CHENNAI : You know Ennore Creek in Chennai is one of the most exploited and polluted waterbodies surrounded by thermal power plants. There is now empirical evidence, as the first-ever official study detected high concentration of heavy metals and said the fish caught here are not edible. The study was conducted by a noted soil biologist and ecologist Sultan Ahmed Ismail, who is the founder of Ecoscience Research Foundation. He is also a member of an Expert Committee constituted by the National Green Tribunal to conduct detailed investigation into the environmental degradation at Ennore. 

As per the preliminary report, 60 environmental samples were collected in September last with 20 each of fish (finfish, bivalves, prawns and crabs), water samples and fly ash. Fish were collected directly from fishermen who had caught them from various parts of Ennore Creek. The samples were analysed as per established protocol by Tamil Nadu Testing House, Chennai, for heavy metals and other related parameters. Each fish and fly ash sample was analysed for eight heavy metals, including mercury, cadmium, selenium, total arsenic, total chromium, tin and copper. Additionally, pathogenic parameters like aerobic microbial count, E coli and total coliform were analysed. Besides, water samples were analysed for 17 chemical parameters. 

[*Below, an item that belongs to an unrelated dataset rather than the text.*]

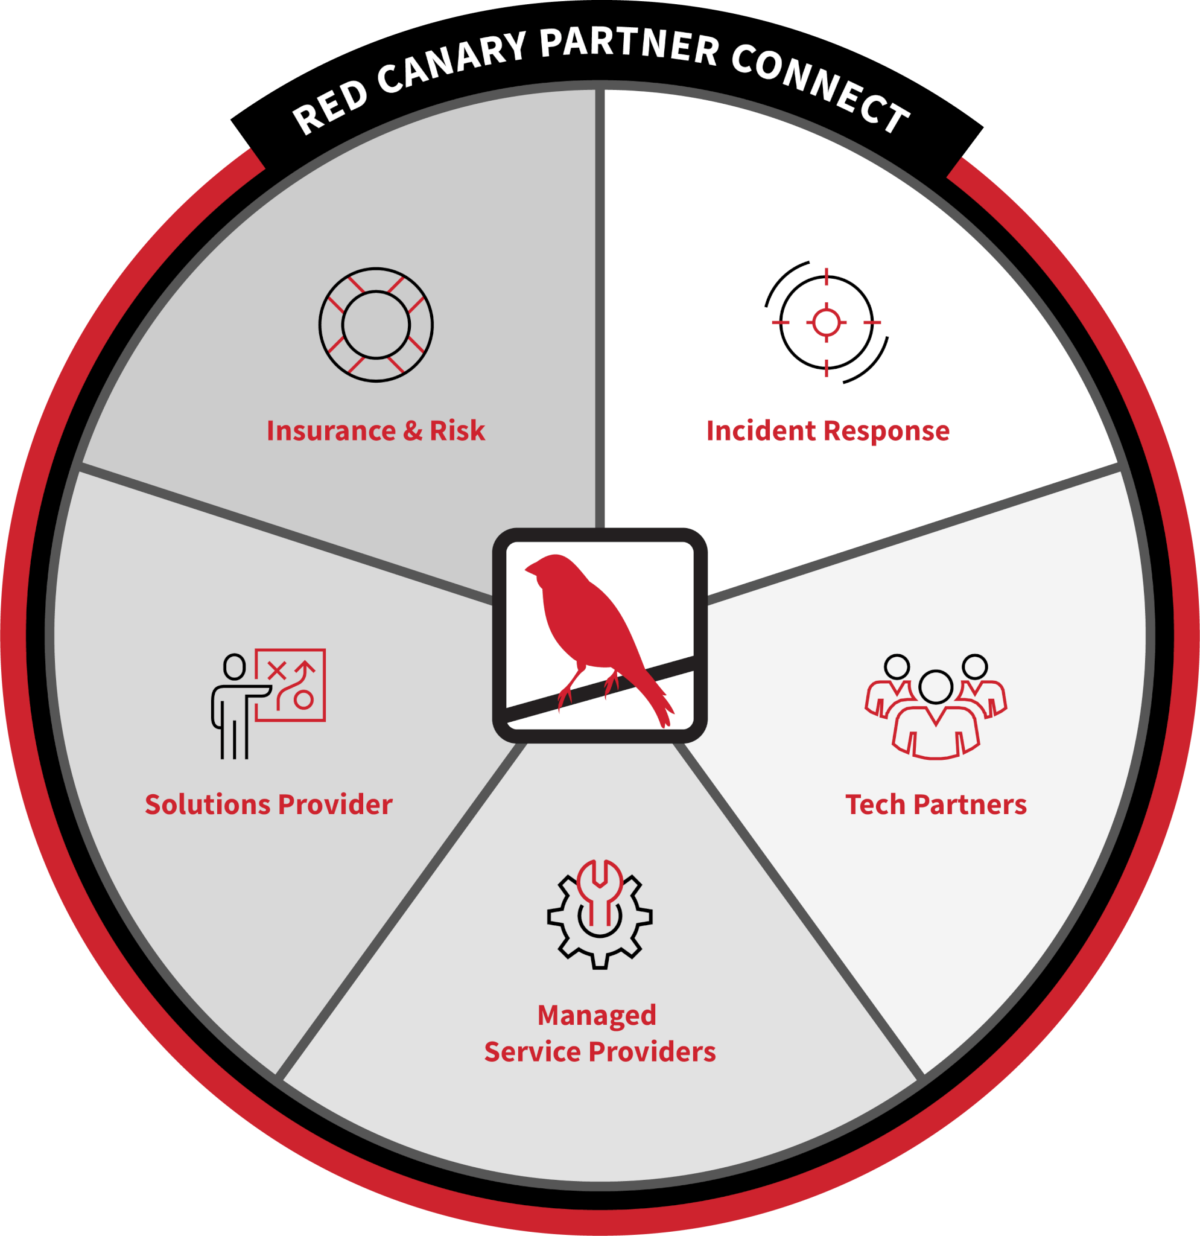 Through Red Canary Partner Connect, we partner with Incident Response providers, Tech Partners, Managed Service Providers, Solutions Providers and Insurance & Risk

The test findings showed that all fish samples contained high concentration of heavy metals, which can be hazardous and kill people in the long run when consumed. For instance, all 20 samples contained detectable levels of copper as high as 68.42 mg/kg in oyster and 66.18 mg/kg in fish. In India, there are no prescribed standards for heavy metals in fish or food. In water, Bureau of Indian Standards says the permissible level of copper is 1.5 mg/litre.

“Also, high selenium content has been seen in the edible catches from the water bodies. Selenium is a reproduction toxin for fish and is harmful for diversity and density. High selenium can induce carcinogenesis, cytotoxicity and genotoxicity. This can have a disastrous effect on the population that would be consuming such catch. The levels found in various fish taken from Ennore Creek have levels of cadmium and lead in excess of maximum concentration limit prescribed by European Union Regulation,” said Ismail in the report, a copy of which is available with this newspaper. 

High levels of heavy metals, can be fatal 
Fish samples from the Ennore Creek have a high concentration of heavy metals, which can kill people in the long run when consumed, according to a preliminary report. High selenium content was also found in the edible catch from the region.